Fareed Zakaria’s prominence as an American journalist began in the days after Mohamed Atta and his murderous band laid waste to the World Trade Center. Then on Newsweek’s payroll, Zakaria wrote a cover story for the magazine—titled “Why Do They Hate Us?”—which examined the roots of Islamist rage and catapulted him to intellectual celebrity. In the past few days, as one observed his confreres in the American media slobber and snarl for his blood after an act of plagiarism so trivial that one had to marvel at the disproportion between the journalistic lapse and the cyclonic castigation, one was tempted to ask this question, in echo of his first resounding shot: “Why Do They Hate Fareed?” One must also ask a question of two of Zakaria’s employers, Time and CNN, both of whom suspended him with unseemly haste, as throngs with pitchforks gathered outside their gates: “Why Were You So Spineless?” Both reinstated him within days of the suspension after internal inquiries into his work; which leads one to ask why they didn’t wait until after their inquiries before smiting him so publicly. His reputation was tarred: he was in favorable consideration by Team Obama for the post of national-security adviser. That will not, now, happen.

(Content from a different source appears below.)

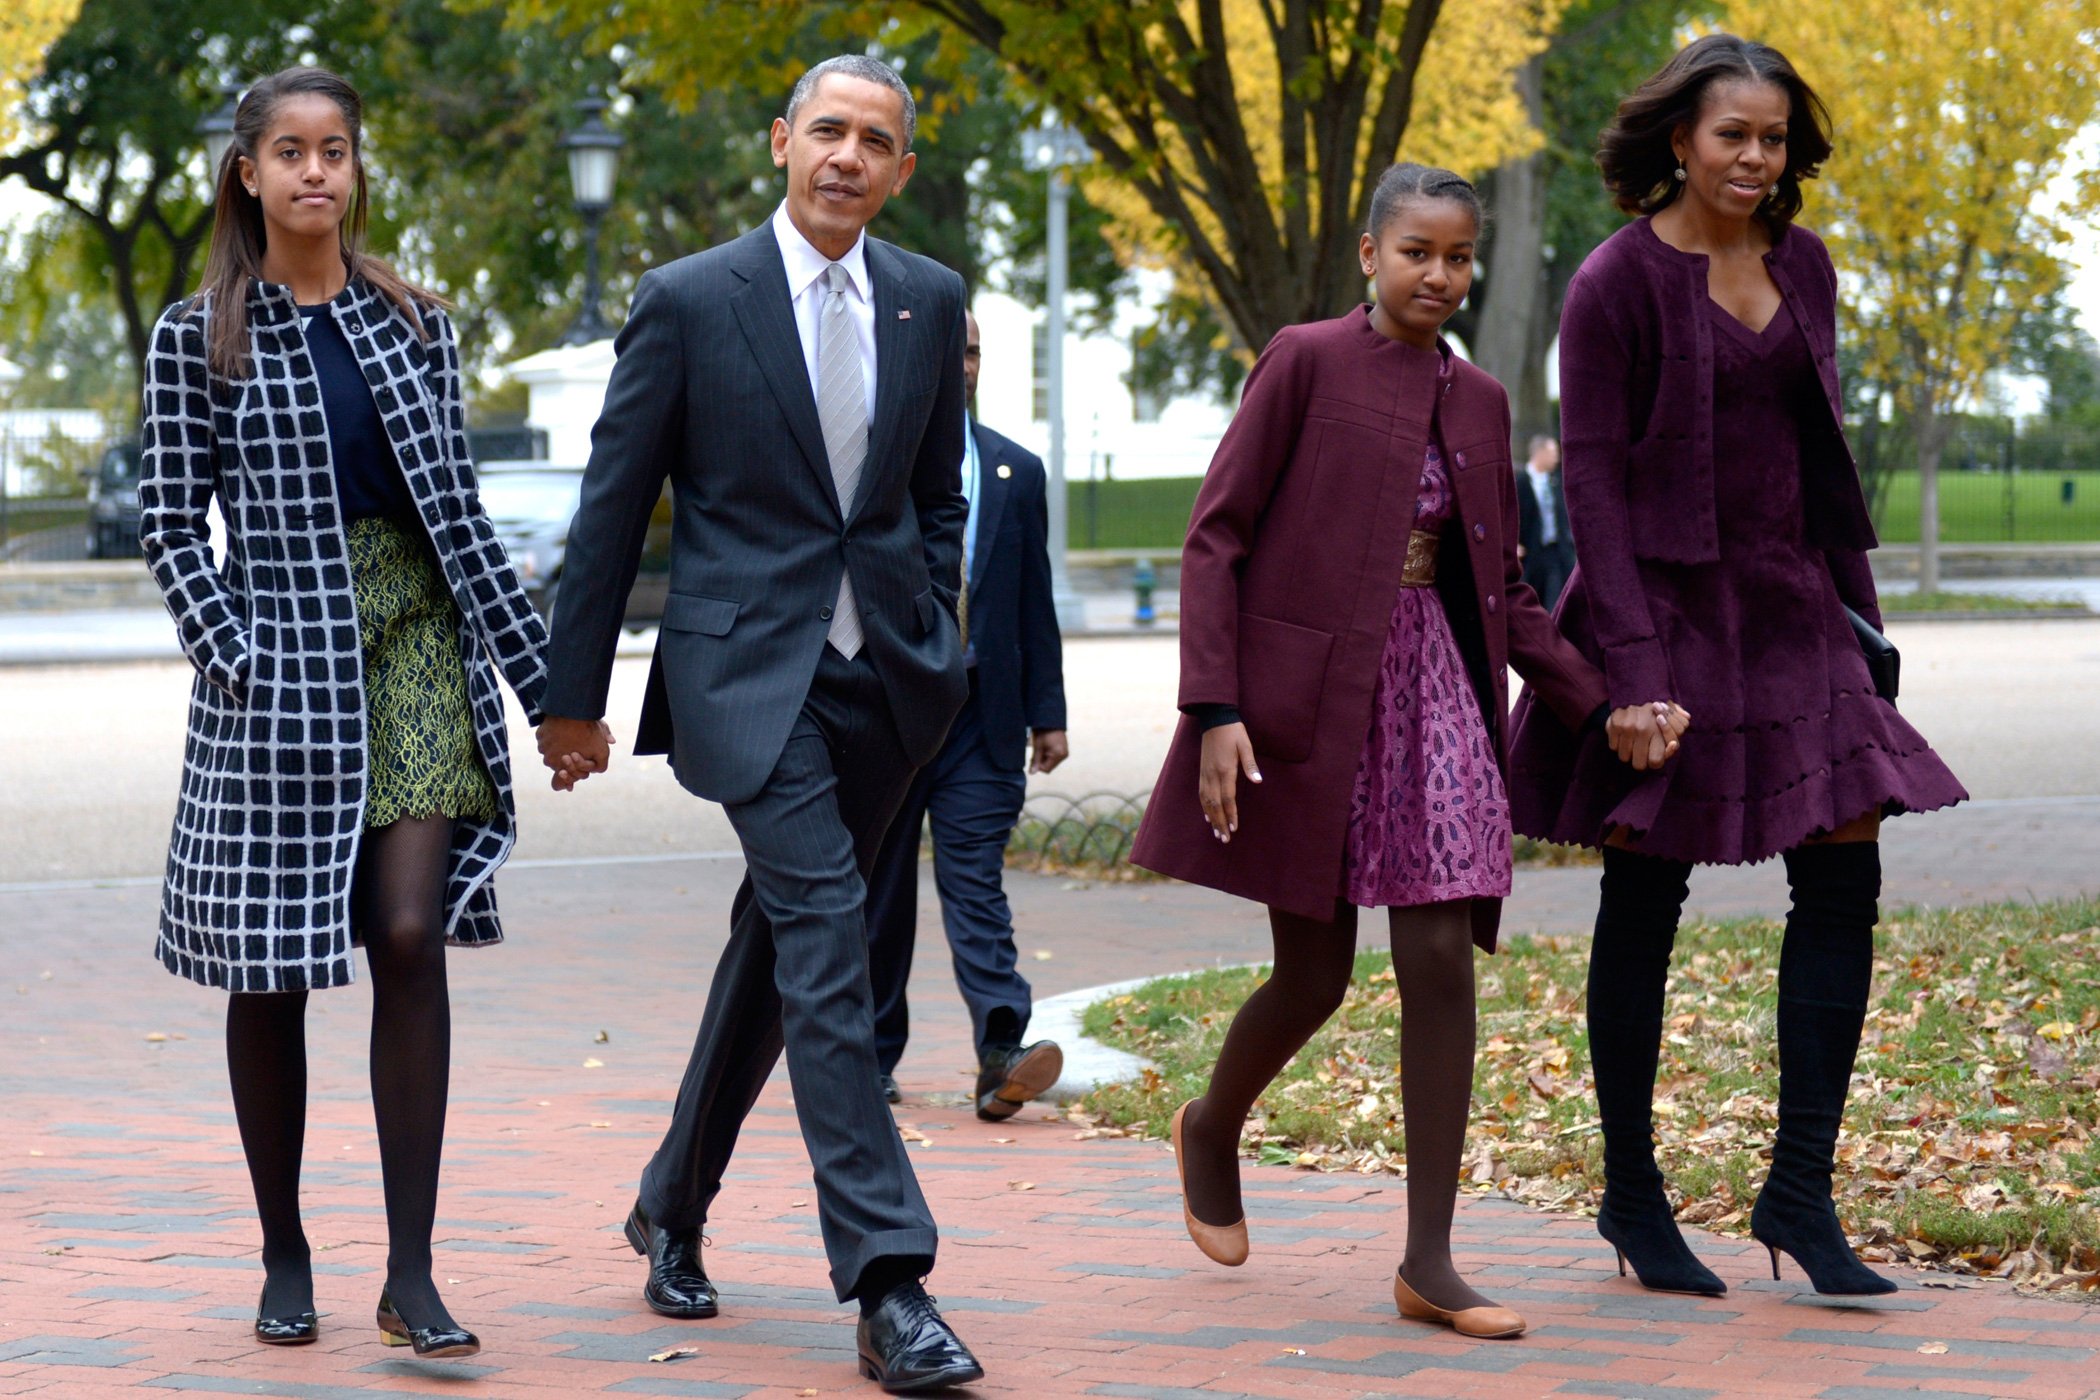 Oct. 27, 2013 President Barack Obama walks with his wife Michelle Obama and daughters Malia Obama and Sasha Obama through Lafayette Park to St John's Church to attend service in Washington.

Why do they hate Fareed? What one has seen in the past few days can only be described as a hideous manifestation of envy—Fareed Envy. Henry Kissinger’s aphorism about academia (where the “politics are so vicious precisely because the stakes are so small”) applies with delicious tartness to journalism, where media reporters of the kind who hounded Zakaria occupy the lowest rung and exult at the prospect of pulling people down. Zakaria, by contrast, is insanely successful by the standards of his profession: he has a TV show to which few people of any prominence would refuse an invitation, plus columns at Time, CNN.com, and The Washington Post. He also writes academic-lite books that presidents clutch as they clamber aboard planes, and gives speeches at—it is said—$75,000 a pop. He is as much a brand as he is a journalist: he has “inc.” in his veins.

It’s lonely at the top. As the traditional news media shrivel and other platforms proliferate, celebrity public intellectuals like Zakaria (think, also, of Tom Friedman and David Brooks) become the only bankable resource left. Recognizable across all the mediums, the branded few become mini-industries unto themselves. Simultaneously, a huge cloud of excluded people, regular civilians and workaday journalists alike, can now respond on the Internet, many of them resentful that their voices go unheard while the Zakarias loom ever larger. So they pick over every word. For celebrity journalists, equally, a potent pressure has grown: the pressure to stay aloft at 40,000 feet, to stay prolific, and flawless. Zakaria must project omniscience to survive: so he writes short and long, on everything from al Qaeda to American gun control, the topic on which he was tripped up by the plagiarism McCarthyites. So he cribbed a little: he read a lot; took notes; things got jumbled. Is that worth a man’s career? I think not, and to his credit he thought not too. One admires him for fighting back, especially as those who called for his head were so pious, and yet so inhumane.